There is no name "1" being bound here. val 1 = 2 is a pattern-matching expression, in much the same way val (x,2) = (1,2) binds x to 1 (and would throw a MatchError if the second element were not thet same). It's allowed because there's no real reason to add a special case to forbid it; this way val pattern matching works (almost) exactly the same way as match pattern-matching.
There are usually two factors in this kind of decision:
There are many bugs in Scalac that are much higher priority, and bug fixing resources are limited. This behavior is benign and therefore low priority.
There's a long term cost to any increases in the complexity of the language specification, and the current behavior is consistent with the spec.

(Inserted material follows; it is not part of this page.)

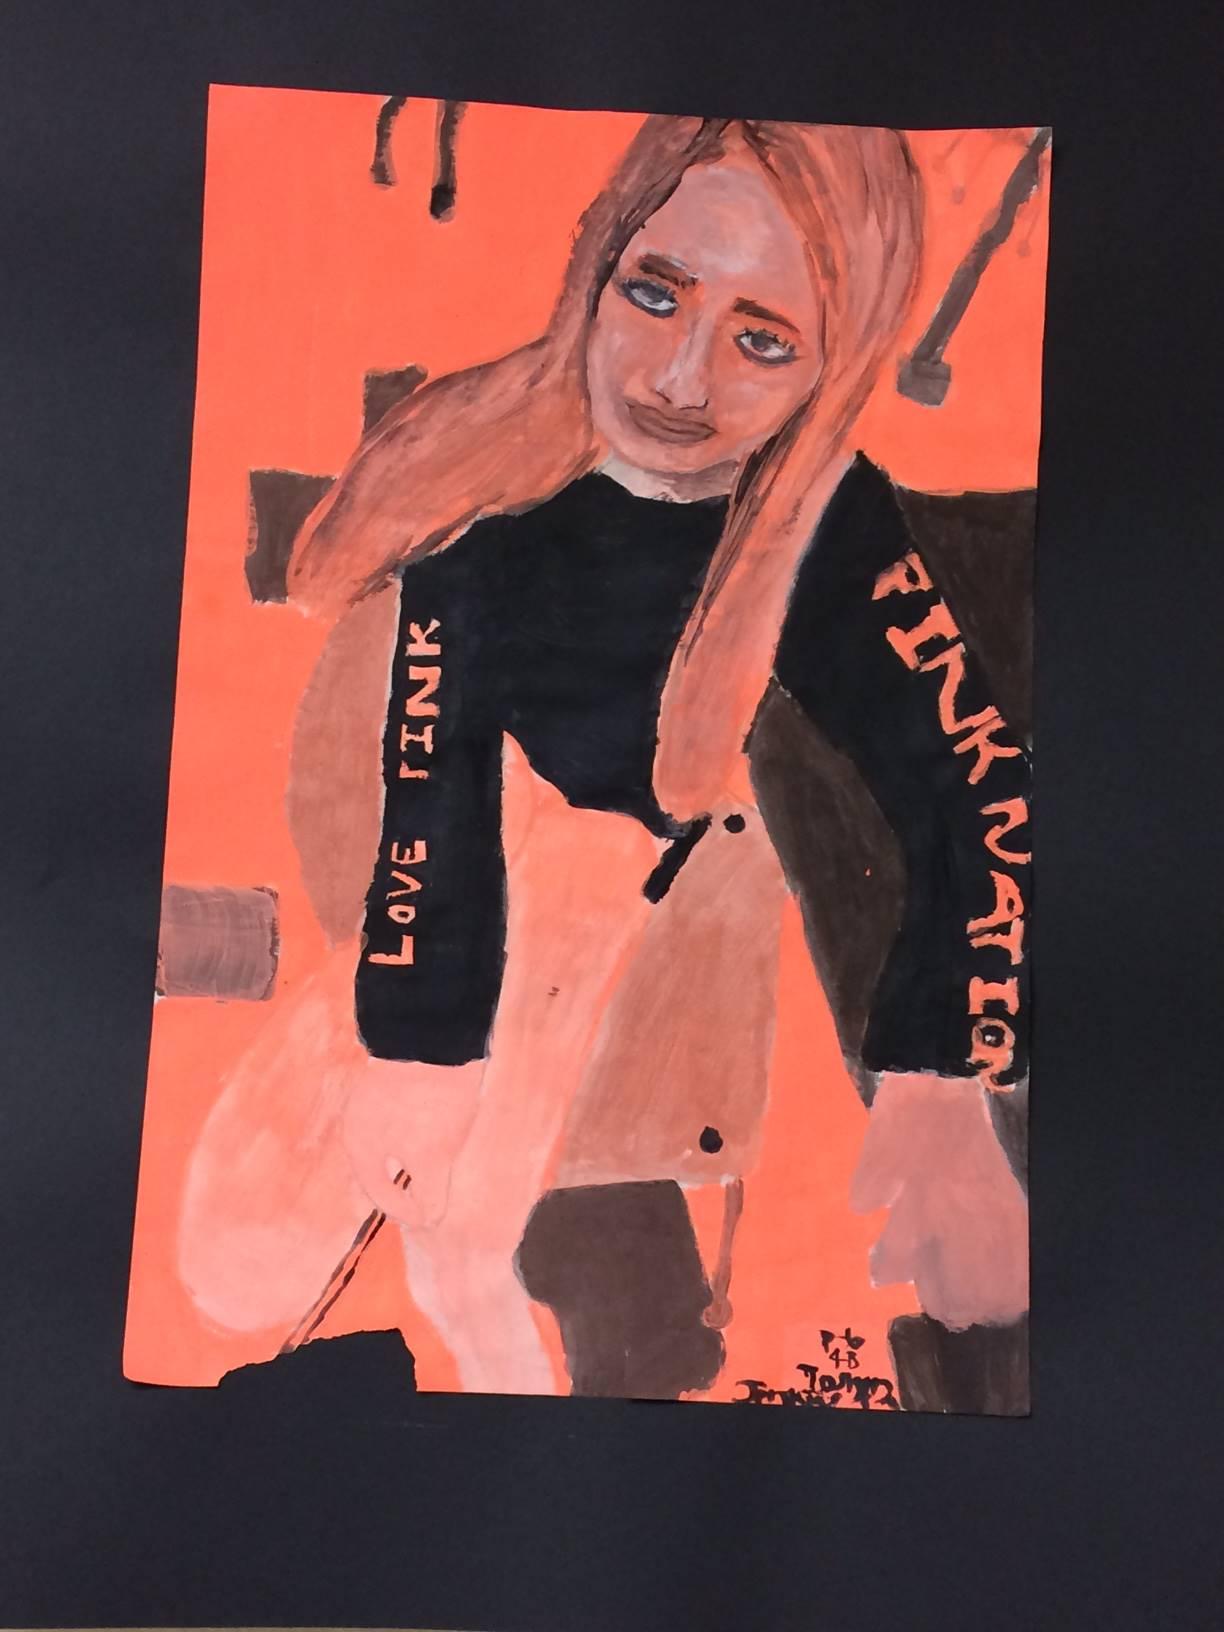 NMS Art
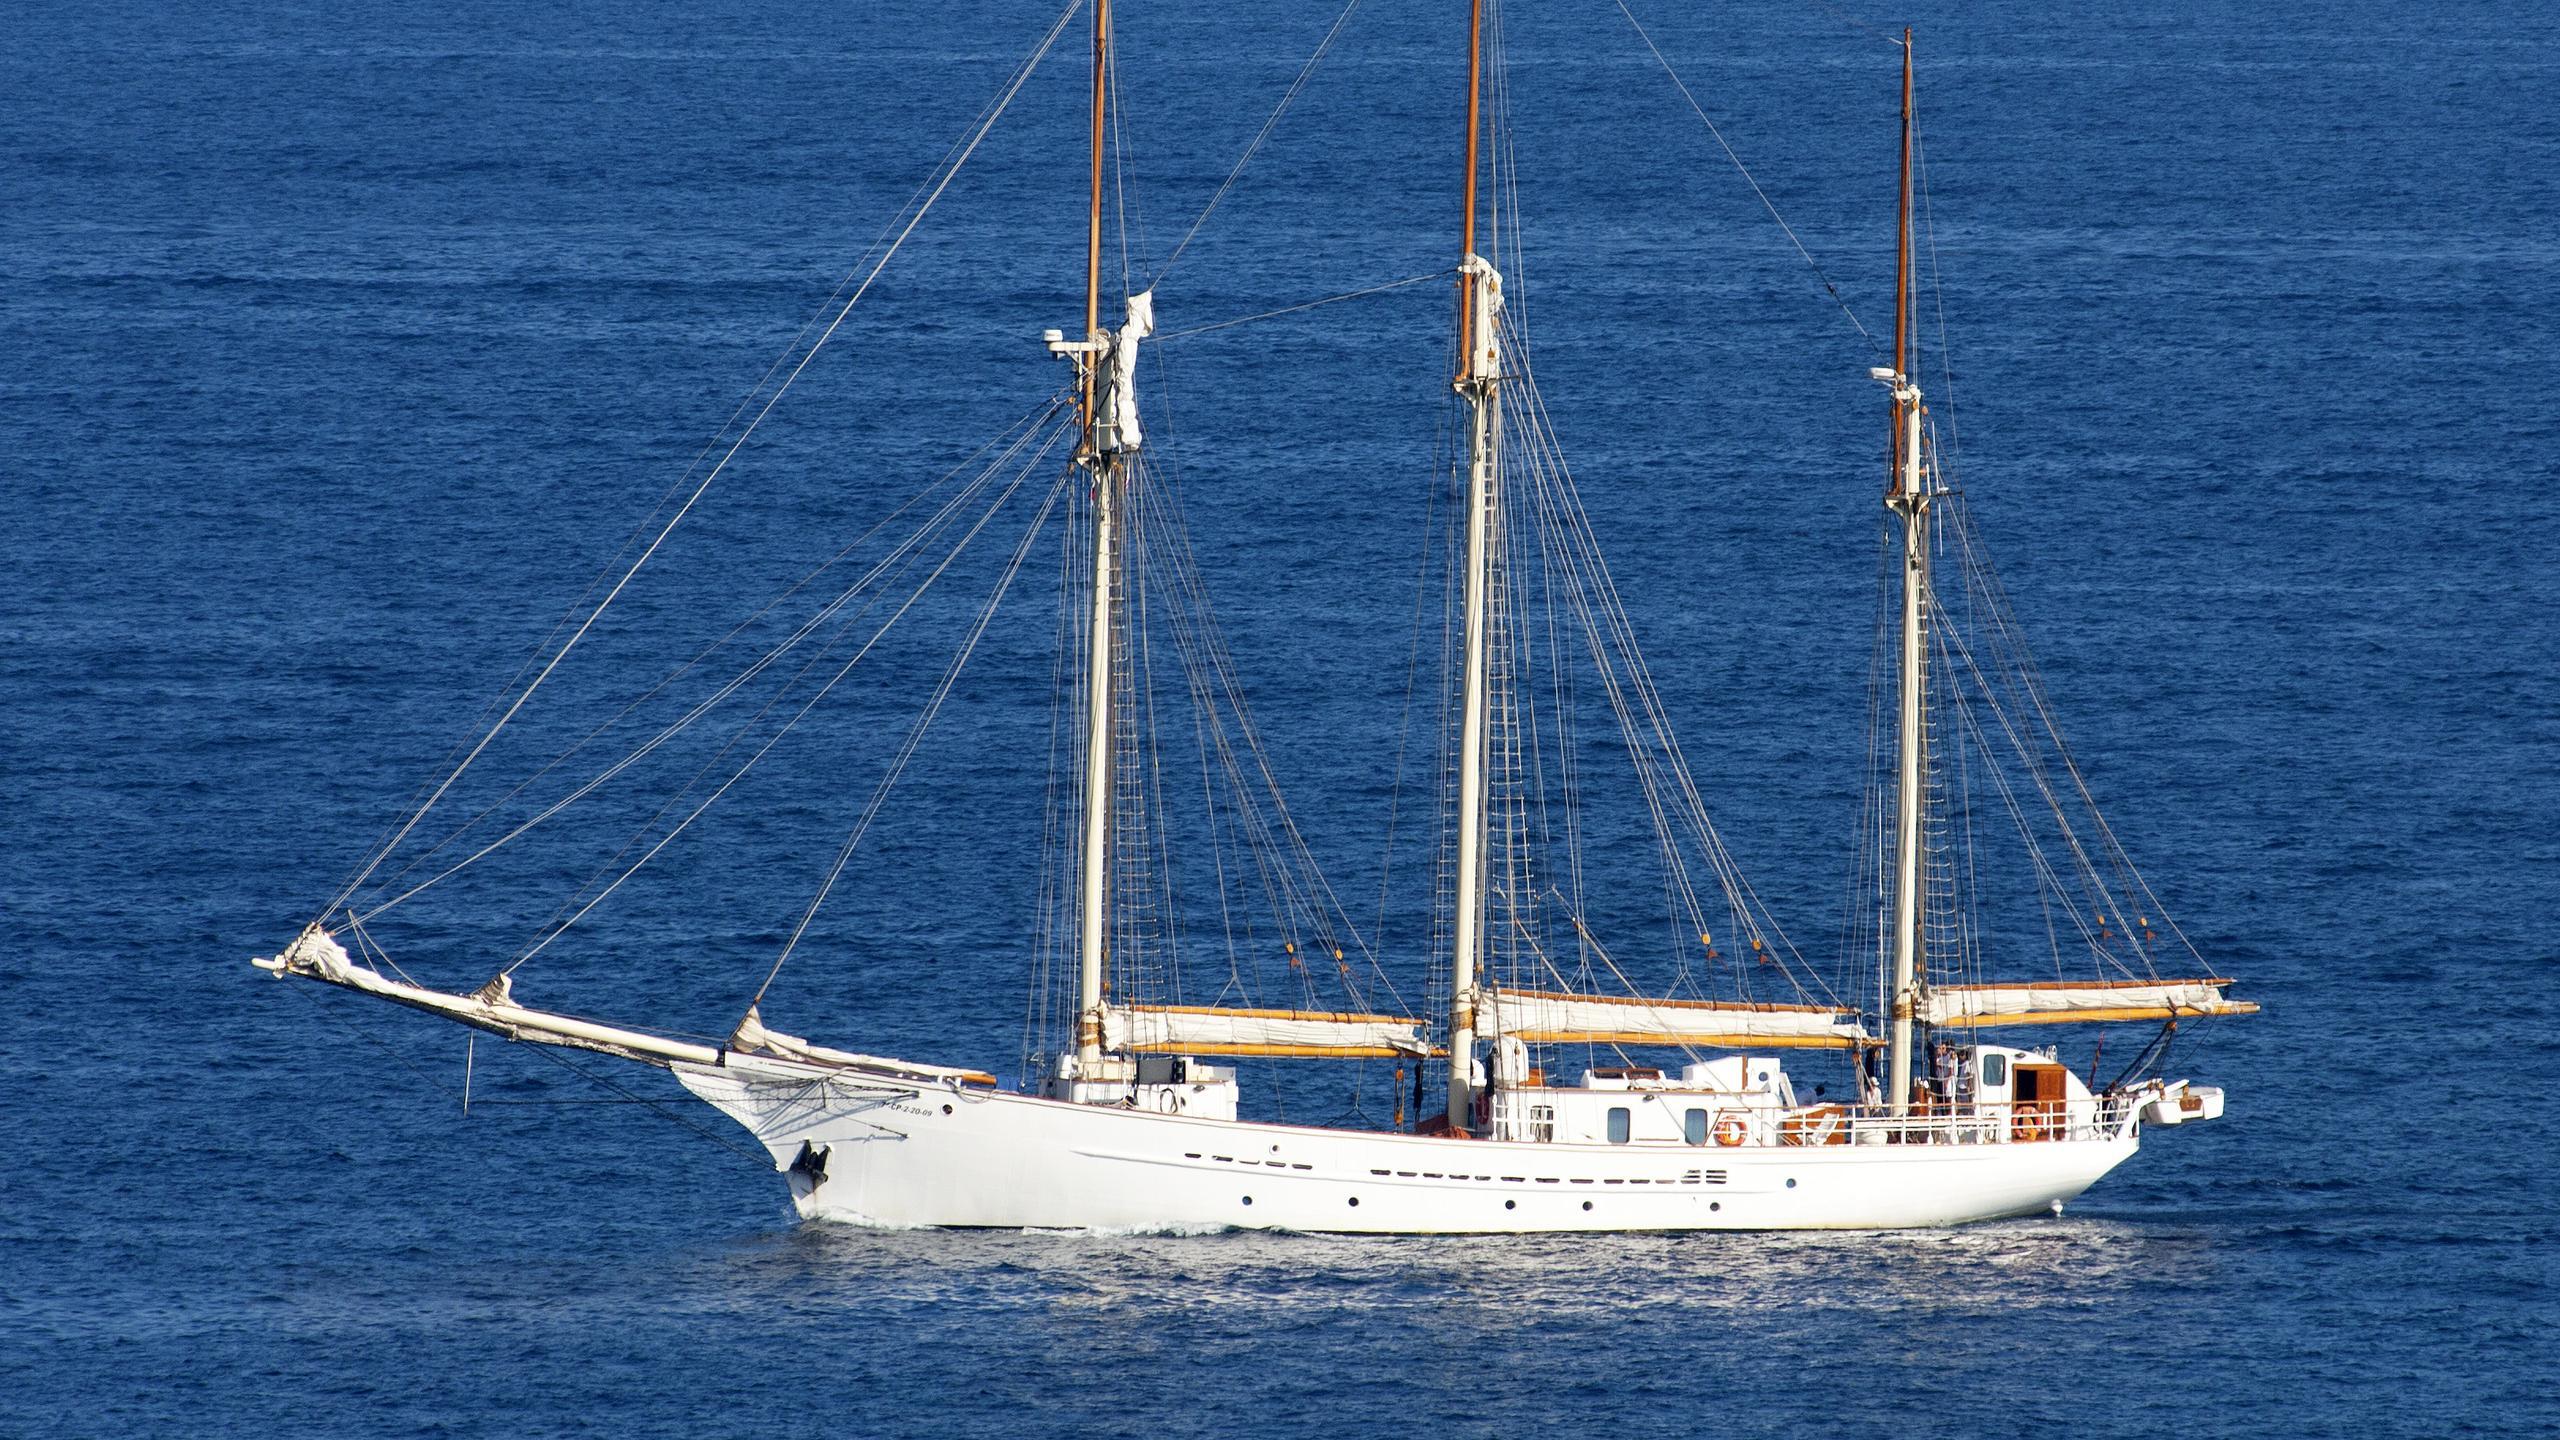 blue-c1-sailing-yacht-feab-marstrandsverken-1991-44m-profile

Once things start getting special cased, there can be an avalanche effect.
It's some combination of these two.
Update. Here's what seems strange to me:
val pair = (1, 2)
object Foo
object Bar
val (1, 2) = pair // Pattern matching on constants 1 and 2
val (Foo, Bar) = pair // Pattern matching on stable ids Foo and Bar
val (foo, bar) = pair // Binds foo and bar because they are lowercase
val 1 = 1 // Pattern matching on constant 1
val Foo = 1 // *Not* pattern matching; binds Foo
If val 1 = 1 is pattern matching, then why should val Foo = 1 bind Foo rather than pattern match?
Update 2. Daniel Sobral pointed out that this is a special exception, and Martin Odersky recently wrote the same.
Here's a few examples to show how the LHS of an assignment is more than just a name:
val pair = (1, 2)
val (a1, b1) = pair // LHS of the = is a pattern
val (1, b2) = pair // okay, b2 is bound the the value 2
val (0, b3) = pair // MatchError, as 0 != 1
val a4 = 1 // okay, a4 is bound to the value 1
val 1 = 1 // okay, but useless, no names are bound
val a # 1 = 1 // well, we can bind a name to a pattern with #
val 1 = 0 // MatchError
As always, you can use backticks to escape the name. I see no problem in supporting such names – either you use them and they work for you or they do not work for you, and you don’t use them.